** Opening Information supplied block **

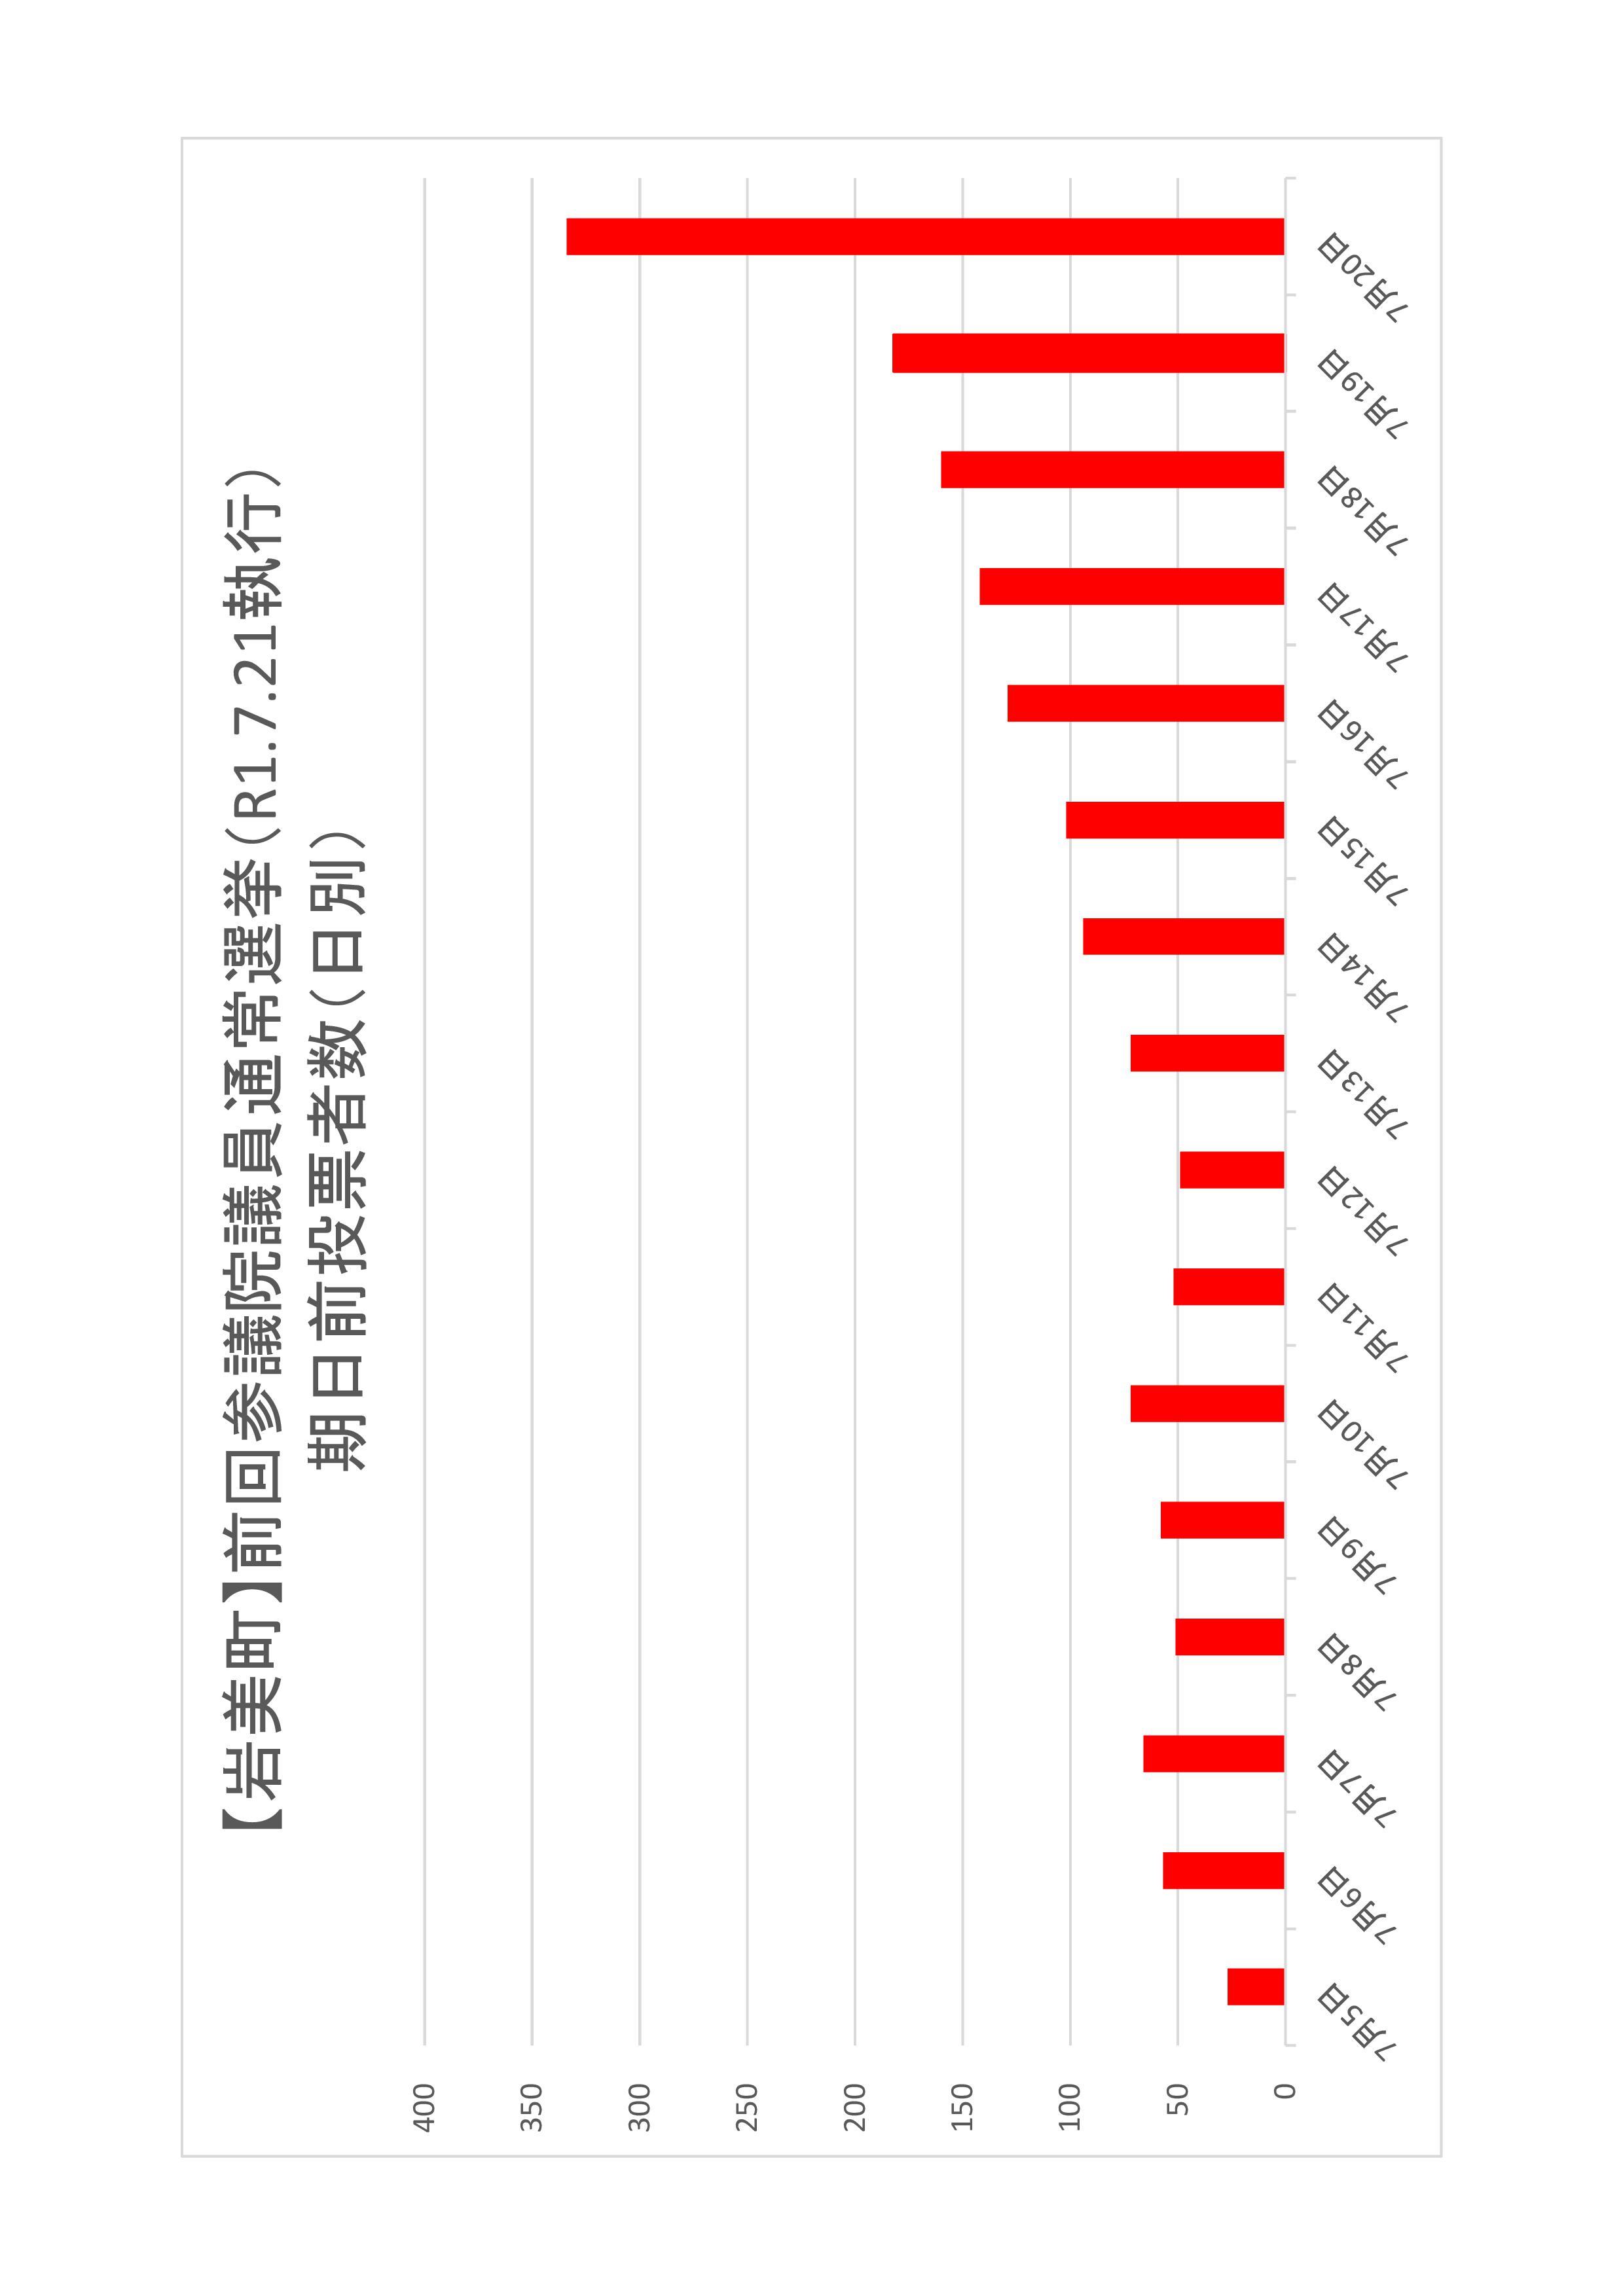 岩美町の日別期日前投票者数のグラフ
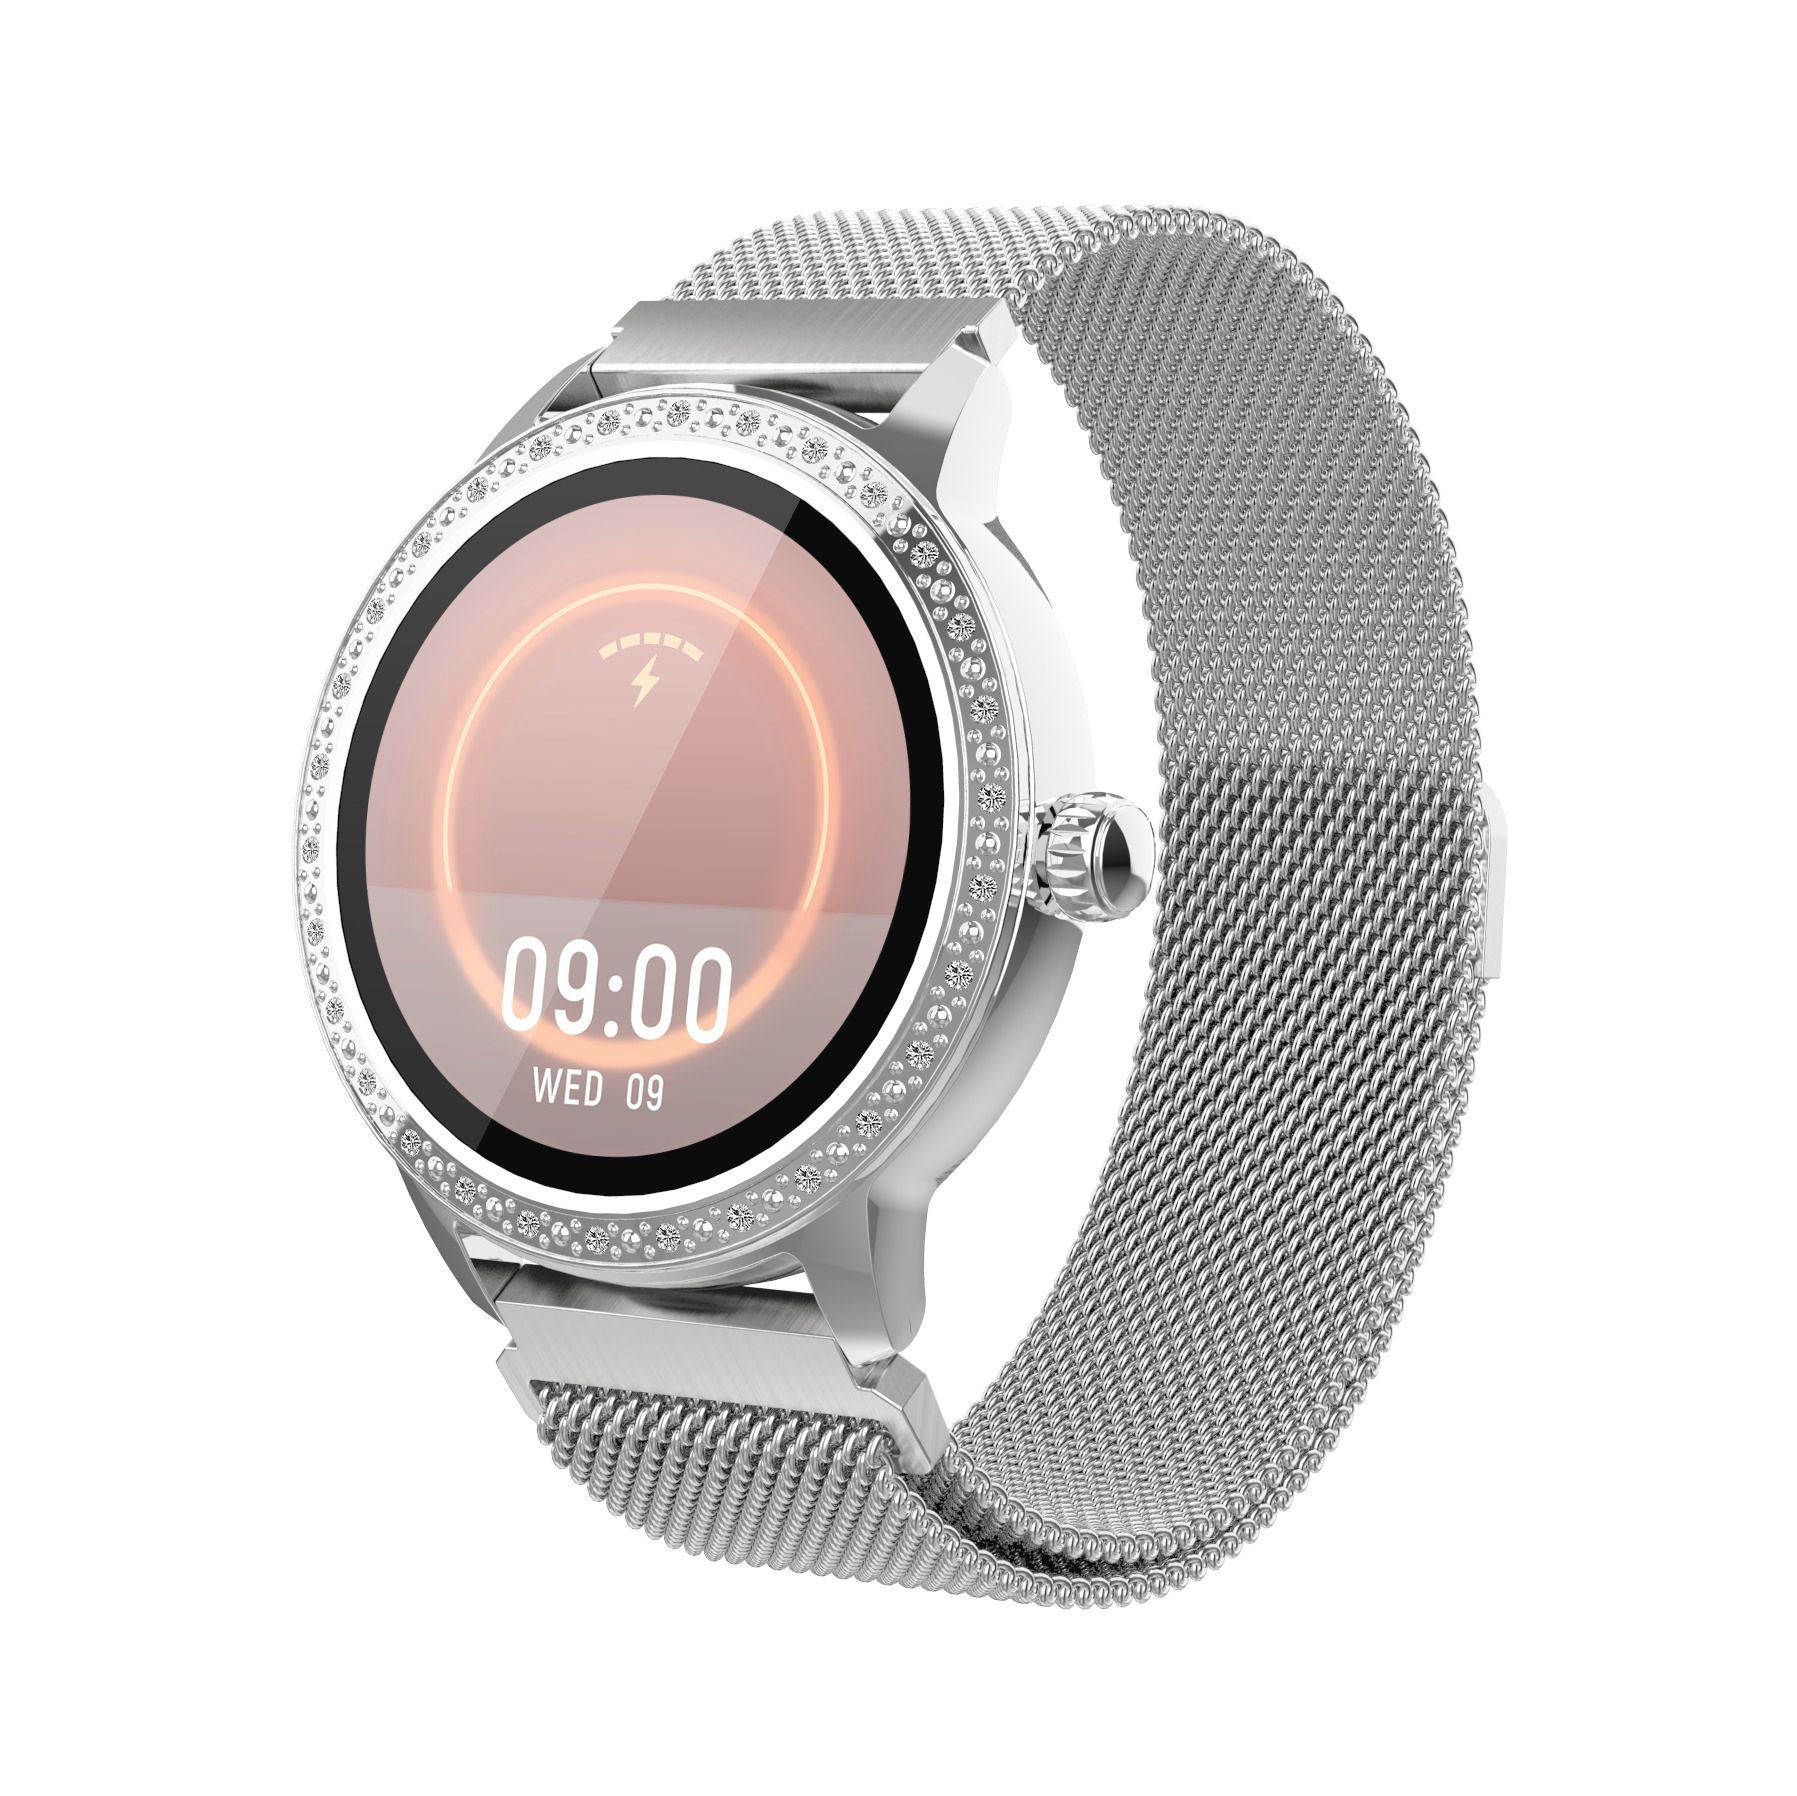 Denver Damen Smartwatch SW-360S silber 24,5 mm Bluetooth Uhr 1,2" Touchdisplay
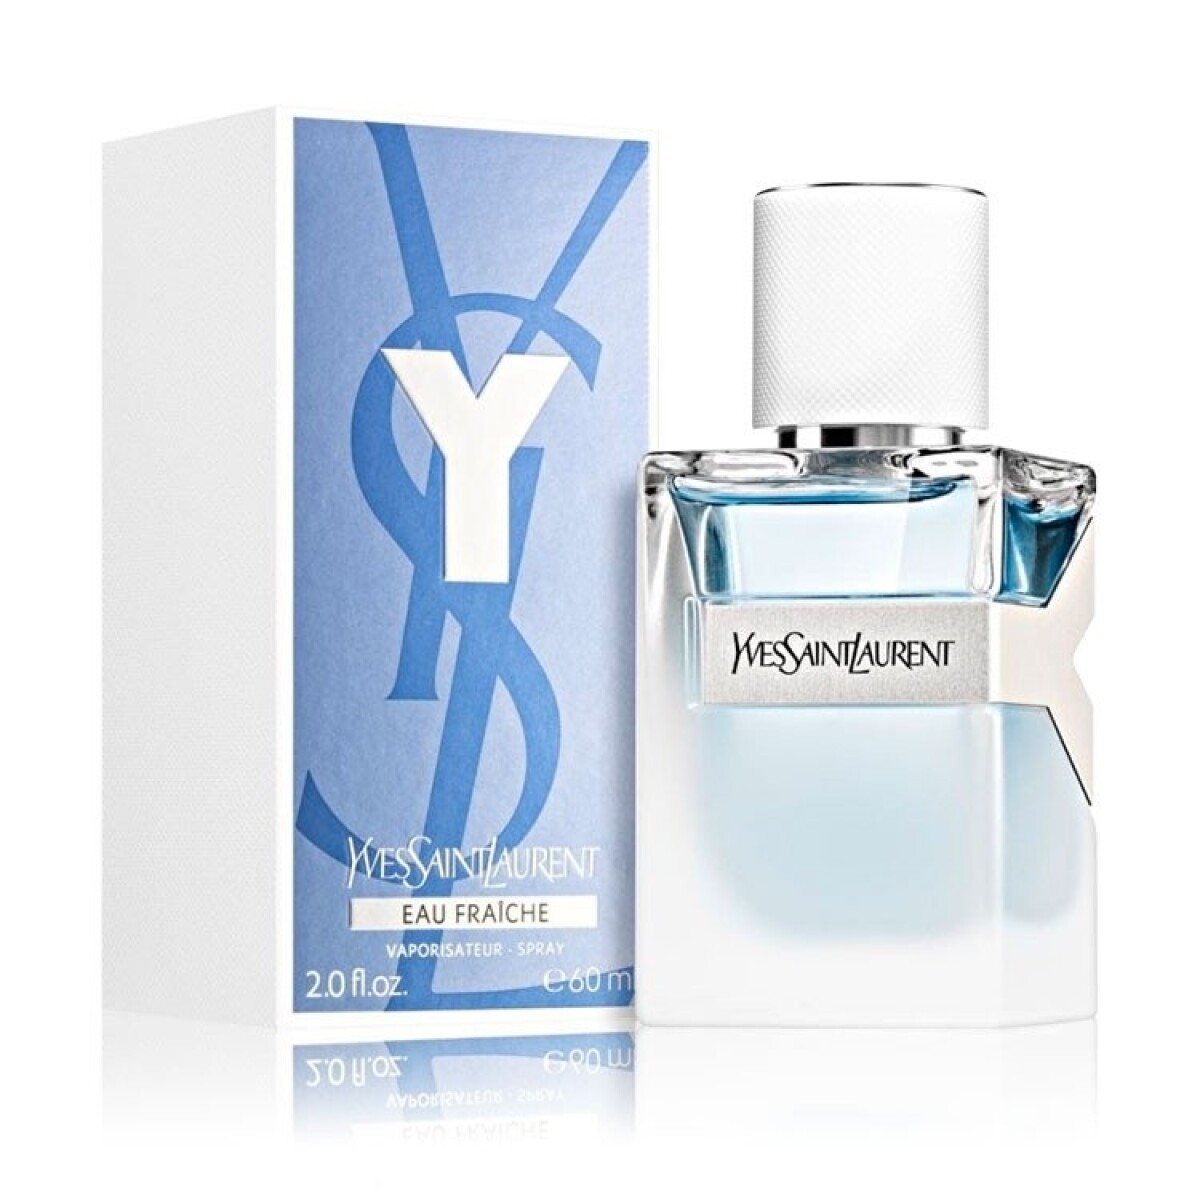 Perfume Y Ysl Eau Fraiche Edt 60 Ml.

** Closing Information supplied block **

What you should do: Without including any picture, output all the material exactly as it appears.

Answer section:
 岩美町の日別期日前投票者数のグラフ
 Denver Damen Smartwatch SW-360S silber 24,5 mm Bluetooth Uhr 1,2" Touchdisplay
 Perfume Y Ysl Eau Fraiche Edt 60 Ml.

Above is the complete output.